Harriet Pattison is an American landscape architect.

Early life and education 
Pattison was born in Chicago, Illinois. She was the youngest of the seven children of William Lawrence and Bonnie Abbott.  She attended the Francis Parker School in Chicago. In 1951, she graduated with a B.A. from the University of Chicago. Pattison also studied acting at the Yale School of Drama and took graduate philosophy courses at the University of Edinburgh. After, she moved to Philadelphia to study piano under Edith Braun at the Curtis Institute of Music. In 1958, she met architect Louis Kahn. Kahn began a relationship with her and encouraged her study of landscape architecture.

Career 
Pattison's first landscape architecture apprenticeship was at the offices of modernist landscape architect Dan Kiley in Vermont. She received a MA in landscape architecture at the University of Pennsylvania in 1967, studying with Ian McHarg, Roberto Burle Marx, M. Paul Friedberg, and others. Pattison also designed a master plan for the  The Hershey Company headquarters.

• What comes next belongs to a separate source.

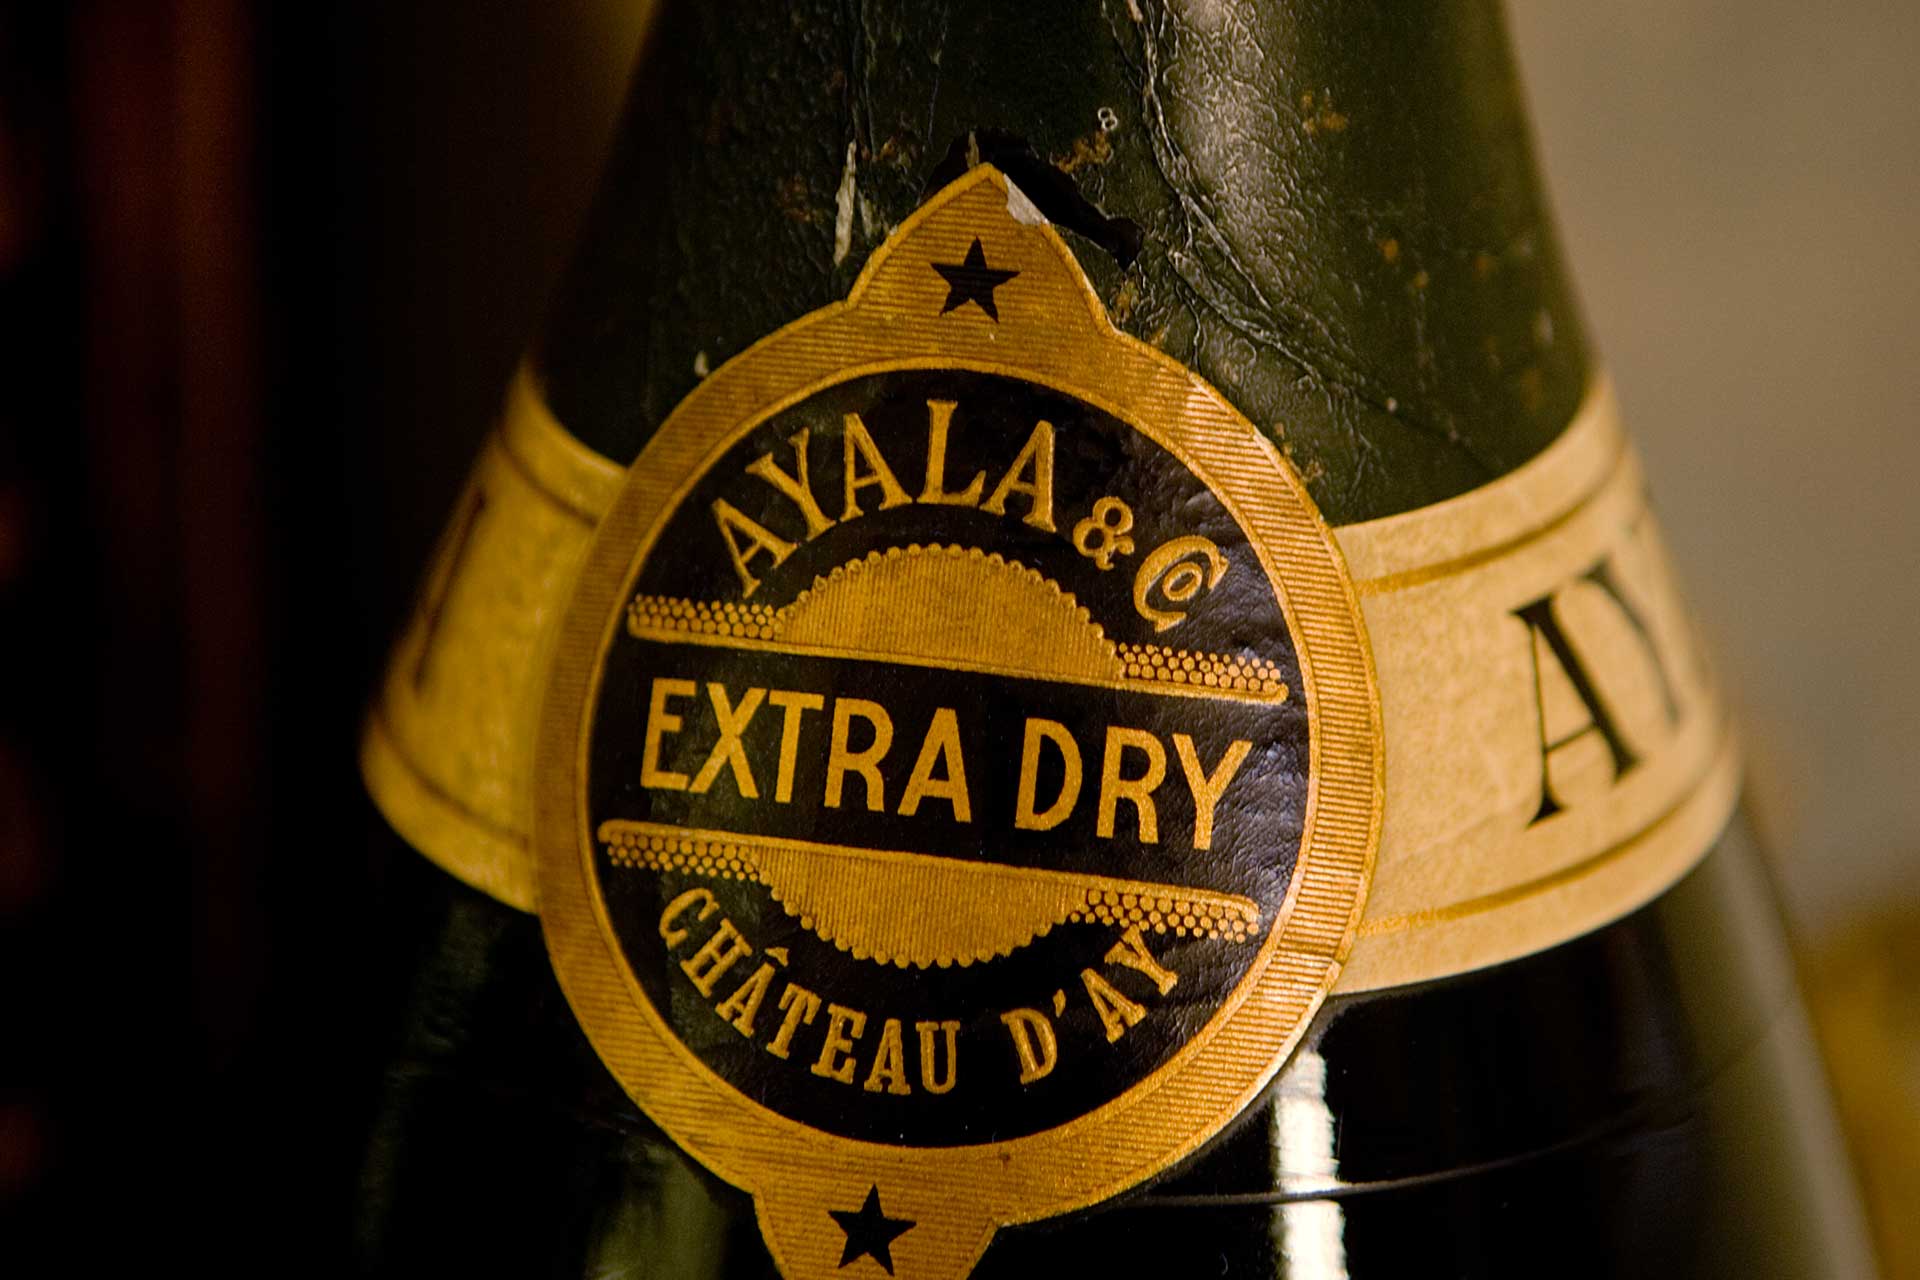 Ayala Historia del champán
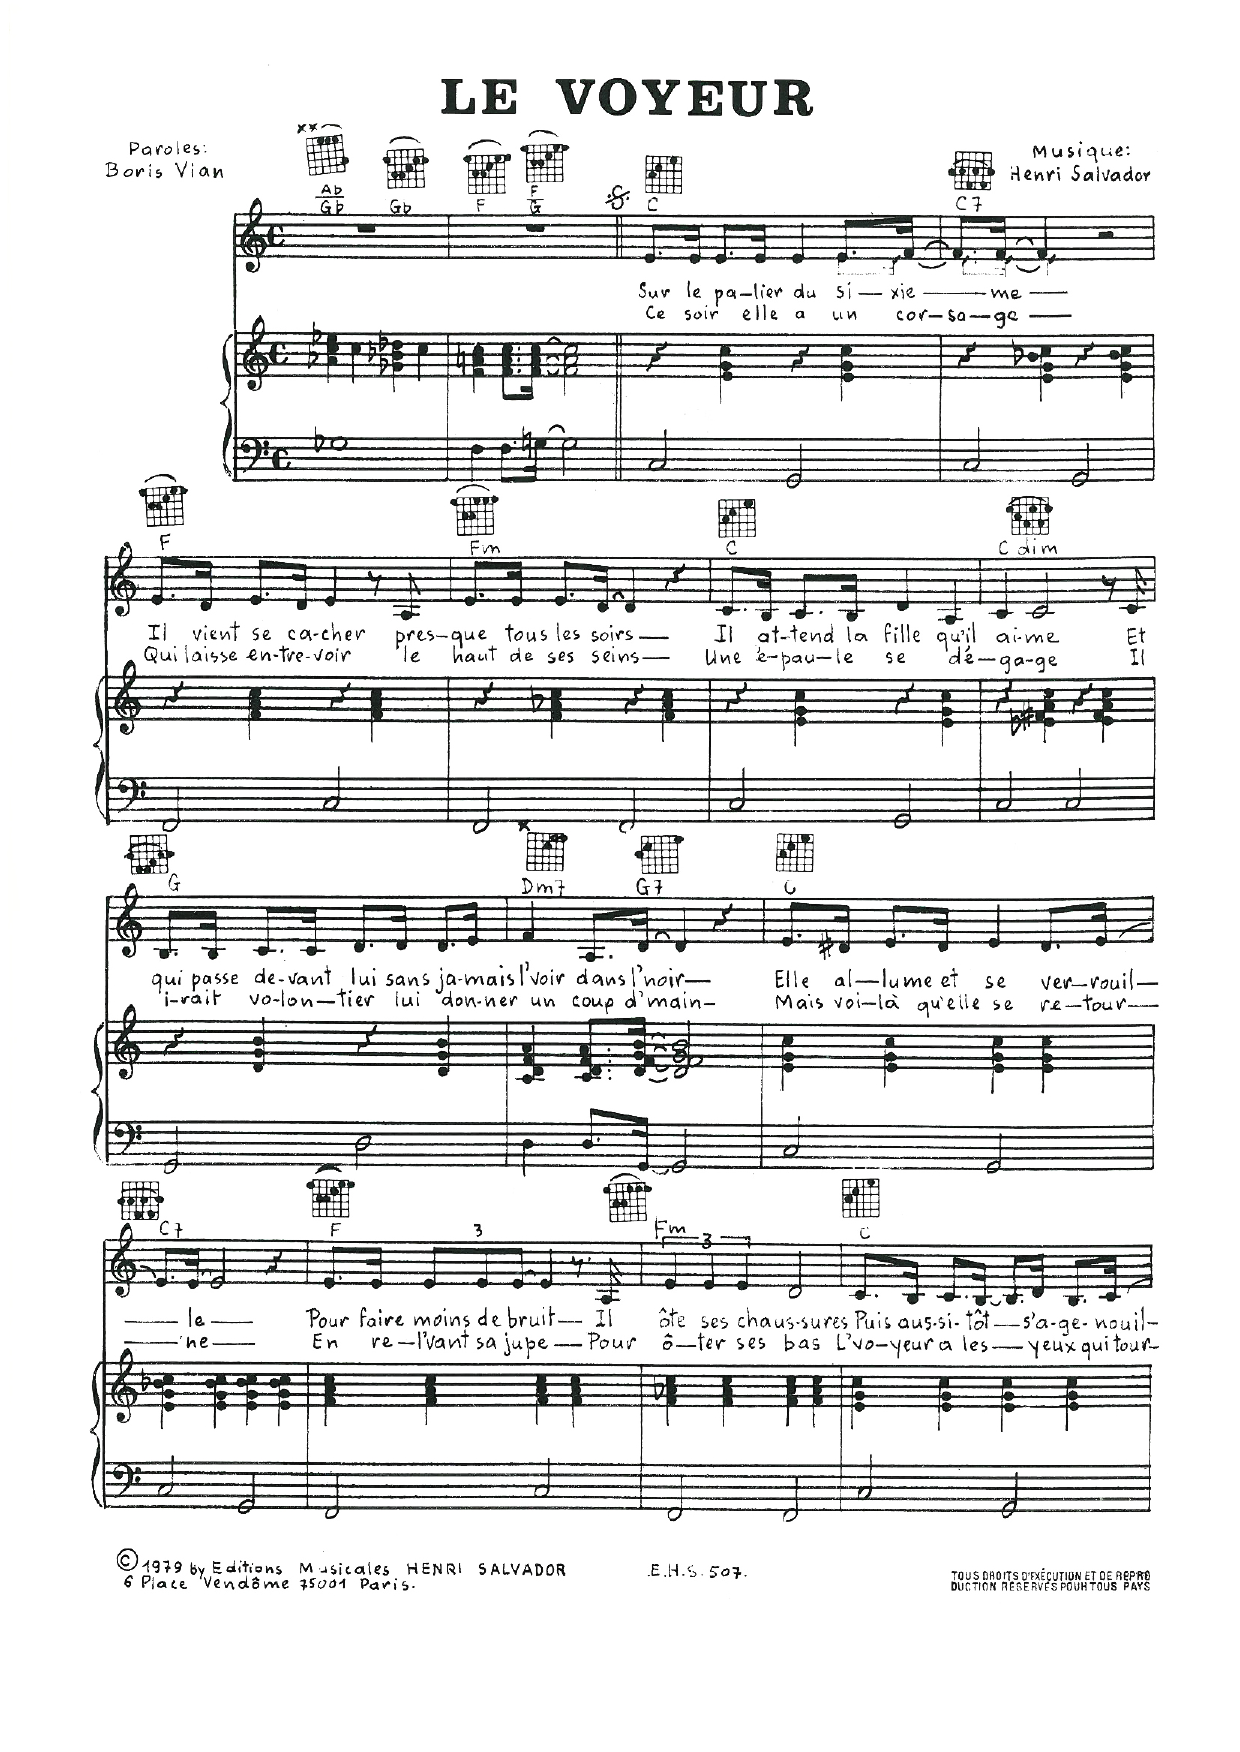 Henri Salvador Le Voyeur Sheet Music Notes & Chords for Piano, Vocal & Guitar - Download or Print PDF

After graduating from University of Pennsylvania, she joined the landscape architecture firm of George Patton. She collaborated with Louis Kahn on several projects. Together, they designed the Kimbell Art Museum and Four Freedoms Park on Roosevelt Island in New York City.

Selected projects 
 Franklin D. Roosevelt Four Freedoms Park
 Kimbell Art Museum
 The Hershey Company's headquarters

Personal life 
Her personal relationship with Louis Kahn is described in the 2003 documentary by their son, the film's director, Nathaniel Kahn, My Architect: A Son's Journey. In 2020, she published her and Louis Kahn's correspondences in Our Days Are Like Full Years: A Memoir with Letters from Louis Kahn (Yale University Press, 2020).

Awards and honors 
At age 87, Pattison became a fellow of the American Society of Landscape Architects (ASLA) in 2016.

Books 
Our Days Are Like Full Years: A Memoir with Letters from Louis Kahn (Yale University Press, 2020)

References

External links 
Harriet Pattison Oral History at The Cultural Landscape Foundation
Harriet Pattison Interview with Common Edge.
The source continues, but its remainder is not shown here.